Personal information
- Full name: Rajesh Rama Naik
- Born: 20 December 1974 (age 51) Mapusa, Goa, India
- Batting: Right-handed
- Bowling: Right-arm off break

Domestic team information
- 1993/94–2003/04: Goa
- 2010: Dorset

Career statistics
| Competition | First-class | List A |
| Matches | 28 | 21 |
| Runs scored | 1,047 | 326 |
| Batting average | 20.52 | 23.28 |
| 100s/50s | 1/4 | –/1 |
| Top score | 133 | 78* |
| Balls bowled | 779 | 399 |
| Wickets | 2 | 7 |
| Bowling average | 227.00 | 45.57 |
| 5 wickets in innings | – | – |
| 10 wickets in match | – | – |
| Best bowling | 1/75 | 2/13 |
| Catches/stumpings | 9/– | 4/– |
- Source: Cricinfo, 30 September 2018

= Raj Naik =

Indian former first-class cricketer

Rajesh Rama Naik (born 20 December 1974) is an Indian former first-class cricketer.

==Life and career==
Naik was born at Mapusa in north Goa.
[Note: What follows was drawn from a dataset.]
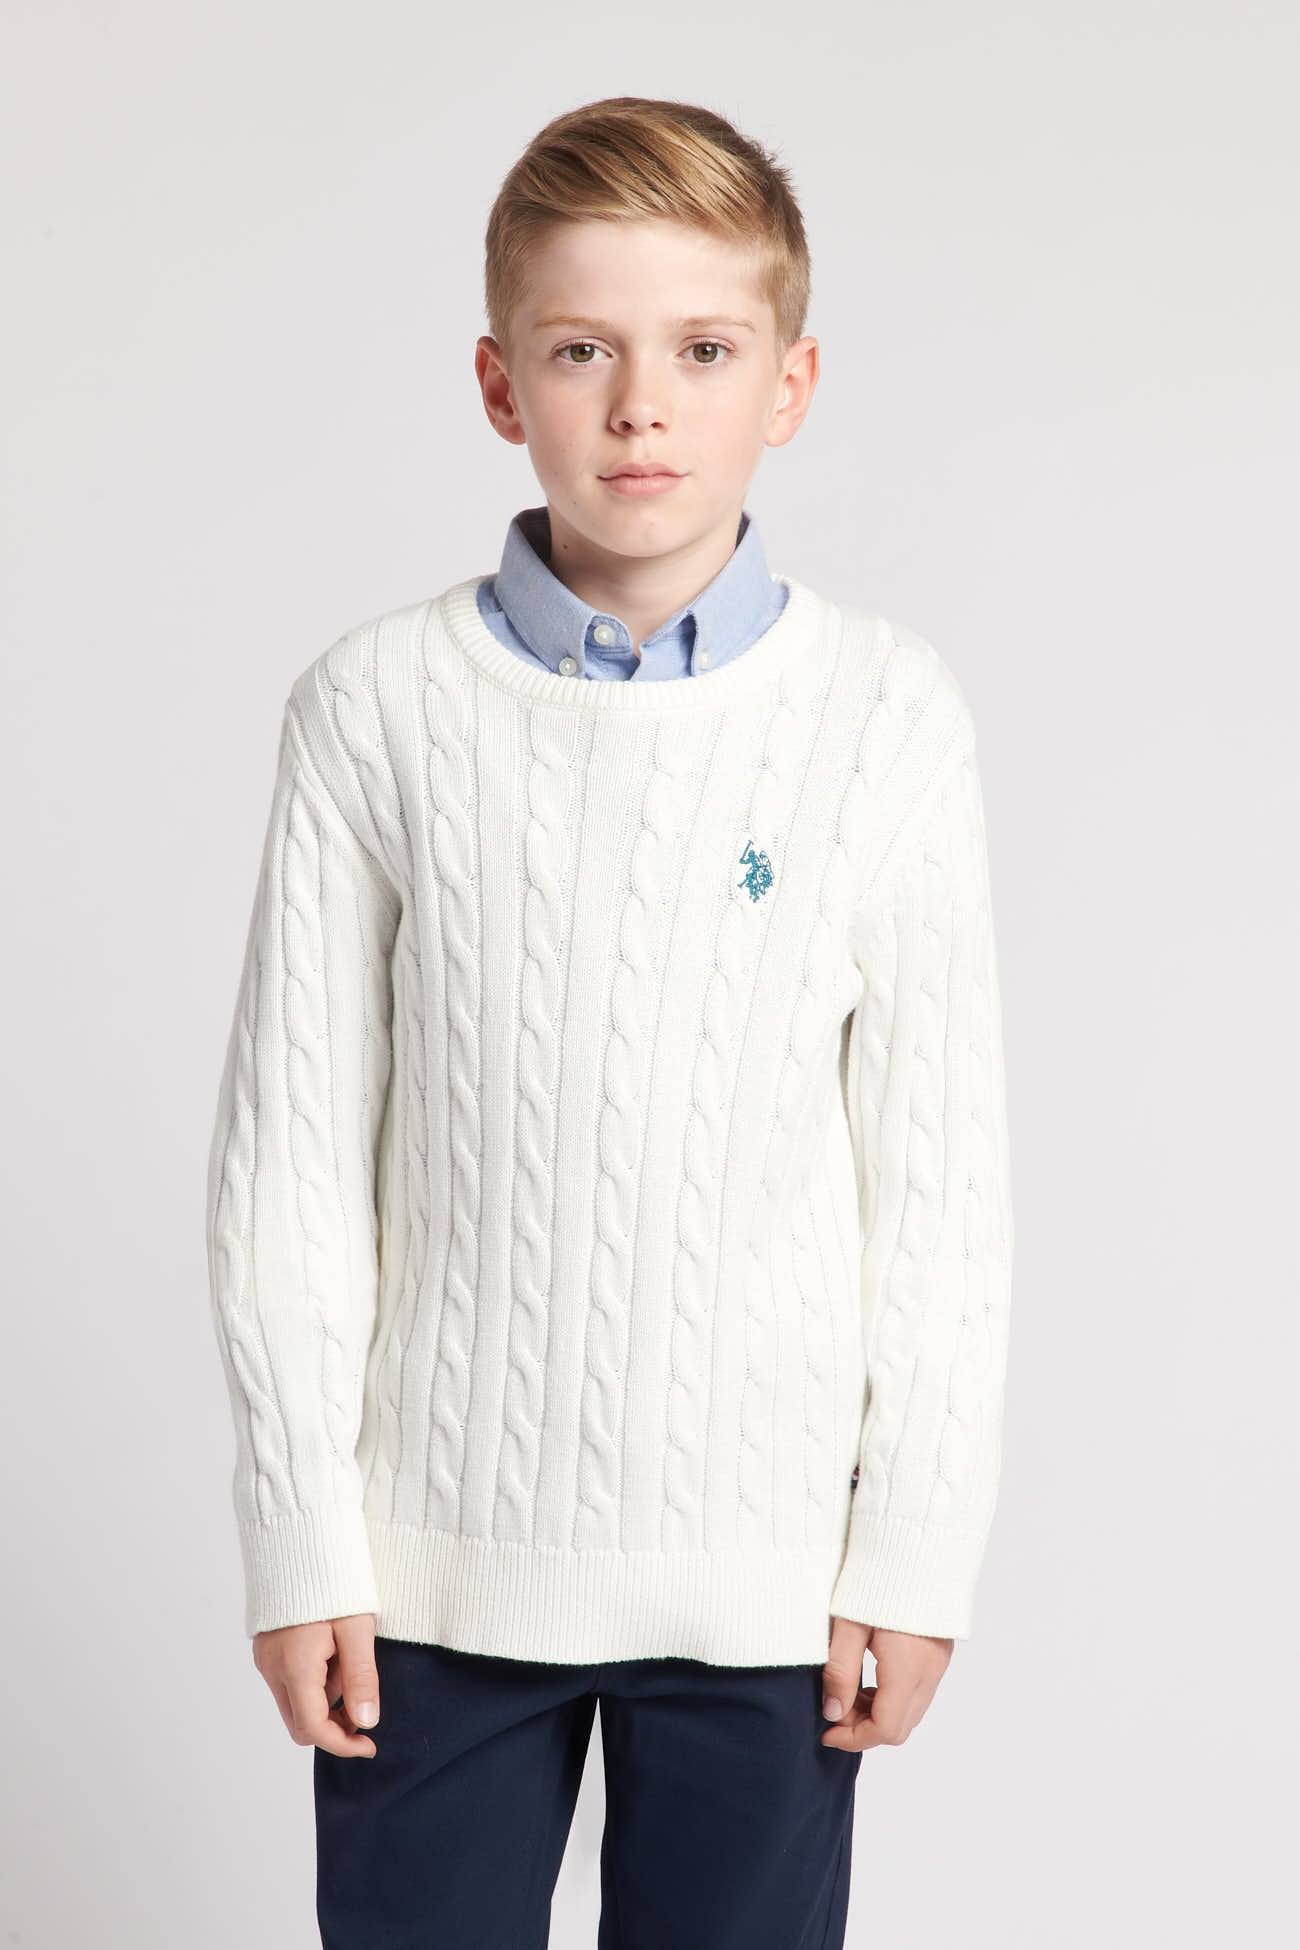 U.S. Polo Assn. Boys Cable Knit Jumper in Marshmallow

He made his debut for Goa in a List A one-day match against Kerala in December 1993 in the Ranji Trophy One Day competition. He featured twice more for Goa in that seasons competition. Having not featured for Goa since his three initial one-day matches, Naik made a return to the Goan side, returning to one-day action in the 1995–96 Ranji Trophy One Day competition. He made his debut in first-class cricket in January 1996 against Tamil Nadu in the 1995–96 Ranji Trophy. He continued to play first-class and List A one-day cricket for Goa until the 2003–04 season, having by that point played a total of 28 first-class and 20 List A matches for Goa. He scored 1,047 runs in first-class cricket, with a highest score of 133, which was his only century. His batting average was 20.52; he bowled 129.5 overs in first-class cricket, taking two wickets at the high average of 227.00. In List A matches he scored 326 runs, with a top score of 78 not out; he took seven wickets in one-day cricket, with a bowling average of 45.57. Naik also featured in a single List A match for the Will's XI against the Indian Board President's XI in the 1997–98 Wills Trophy at Bhilwara. Naik was dismissed in this match without scoring by Jacob Martin.
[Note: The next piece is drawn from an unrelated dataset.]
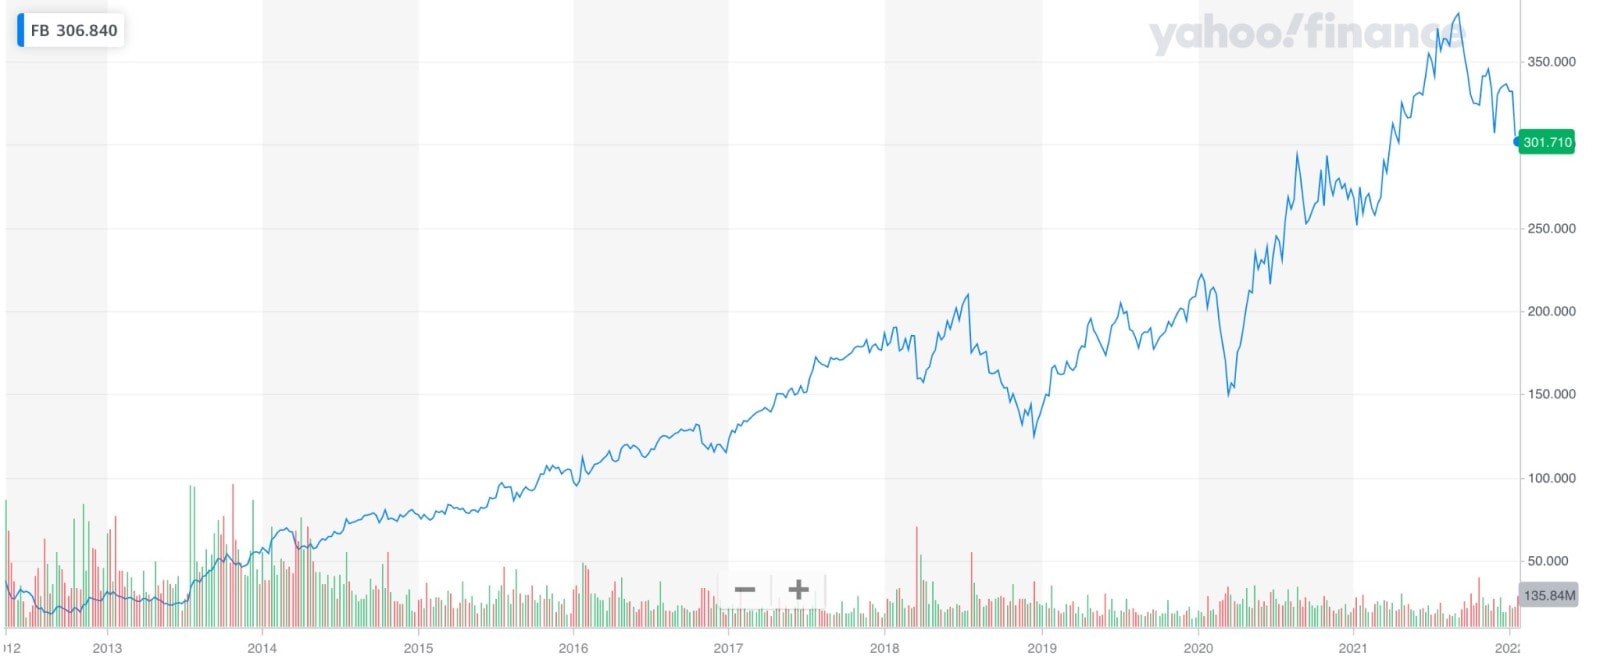 Facebook's historical chart

Naik later moved to England to coach cricket, where he played club cricket in Dorset and Hampshire. After strong performances in the Dorset league, he was selected to make his debut for Dorset in a friendly 20-over match against Somerset, played as part of Somerset's preparations for the 2010 Twenty20 Cup. He dismissed England international Craig Kieswetter during the match. Later that season, Naik made two appearances for Dorset in the Minor Counties Championship. He opened an Indian restaurant in Bournemouth in 2011.